Diogo Melim inicia um novo capítulo de sua trajetória artística com o lançamento de “Rascunhos”, seu álbum de estreia solo, produzido por Pedro Breder e lançado pela Universal Music Brasil. O projeto apresenta um panorama de sua identidade musical, reunindo canções que transitam entre o pop e diferentes influências sonoras, sempre guiadas por uma escrita confessional.
O primeiro single, “Mil Versões”, ganha clipe no dia seguinte ao lançamento do álbum e conta com a participação especialíssima da esposa de Diogo, a influencer Nanda Caroll. Composta pelo artista com Rod Melim, Vitor Tritom, Guto Oliveira e Mike Túlio (do grupo OUTROEU), a faixa imprime a sua já conhecida força criativa.
Com ares de synth pop, a canção destaca versos como “a vida passa ligeira, mas me faça o favor de ficar! Mil versões de você, passageiras, todas elas aprendo a amar”, marcando o tom sensível e direto que atravessa o álbum.
Antes dela, porém, “Rascunhos” abre com “Nem Sei”. Embalada por um violão cheio de personalidade, a faixa escrita por Diogo com Rod, Breder e Tibí traz, em seu refrão, uma verdadeira declaração. “Baby, para pra ver, o amor floresceu! Seu beijo encaixou perfeito no meu. Para pra ver que eu sou todo seu! Nem sei quem sou eu sem você”, canta ele.
Delicadíssima, “Cadeira de Praia” surge com harmonia e melodia que flertam com a bossa nova, sem deixar de soar pop. Com frases poéticas como “teu amor é sombra e água de coco”, é mais uma composta no formato colaborativo por Diogo, Rod, Tibí, Vitor Tritom, Guto Oliveira e Rian Manhente.
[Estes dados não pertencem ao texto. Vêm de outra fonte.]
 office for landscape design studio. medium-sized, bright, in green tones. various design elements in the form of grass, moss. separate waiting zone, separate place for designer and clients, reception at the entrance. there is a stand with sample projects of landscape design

Apesar do título, a quarta faixa, “Desamor”, mantém o clima do álbum em alta. Autoirônica, a composição de Diogo e Rod Melim é sustentada por uma batida dançante e um piano pulsante, e se destaca pela combinação de energia e lirismo.
“Eu não vou tatuar seu nome. Eu vou te rabiscar dos planos. Quis decorar seu telefone. Eu quero te ver bem. Bem longe!”, brinca.
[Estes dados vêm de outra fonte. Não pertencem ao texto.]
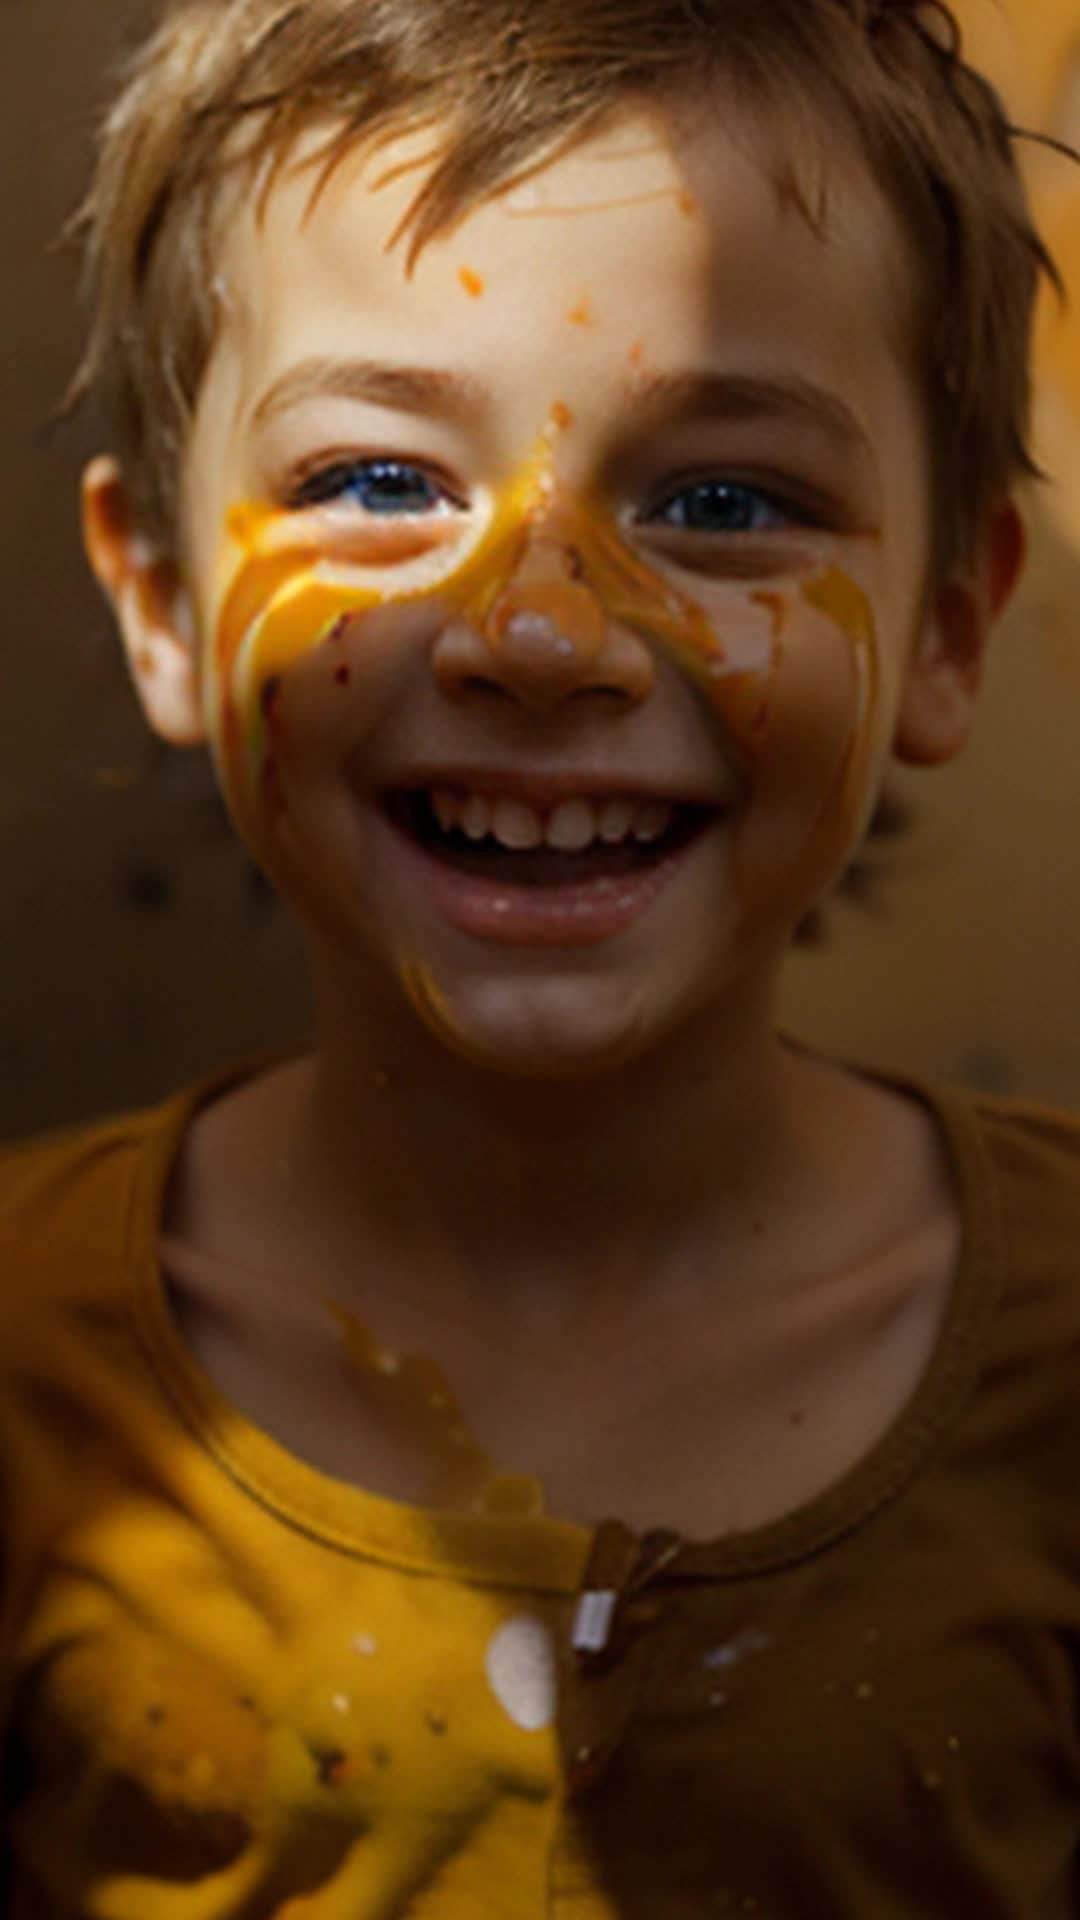 Playful child flicks orange paint at another, laughter echoing, eyes sparkling with mischief, soft shadows, high resolution

Pisando no neo soul, “Quebra-Cabeça”, parceria de Diogo com Rod e Vitão, revela influências contemporâneas e aposta em uma atmosfera elegante, equilibrando desejo e sutileza.
Mas a surpresa fica por conta de “Procurando Rosas”. Com arranjos orquestrados e presença marcante de piano, a parceria de Diogo com Tibí mostra o cantor em uma interpretação mais introspectiva, na qual admite: “logo eu, que era um cara frio, sentindo calafrio de amor?”.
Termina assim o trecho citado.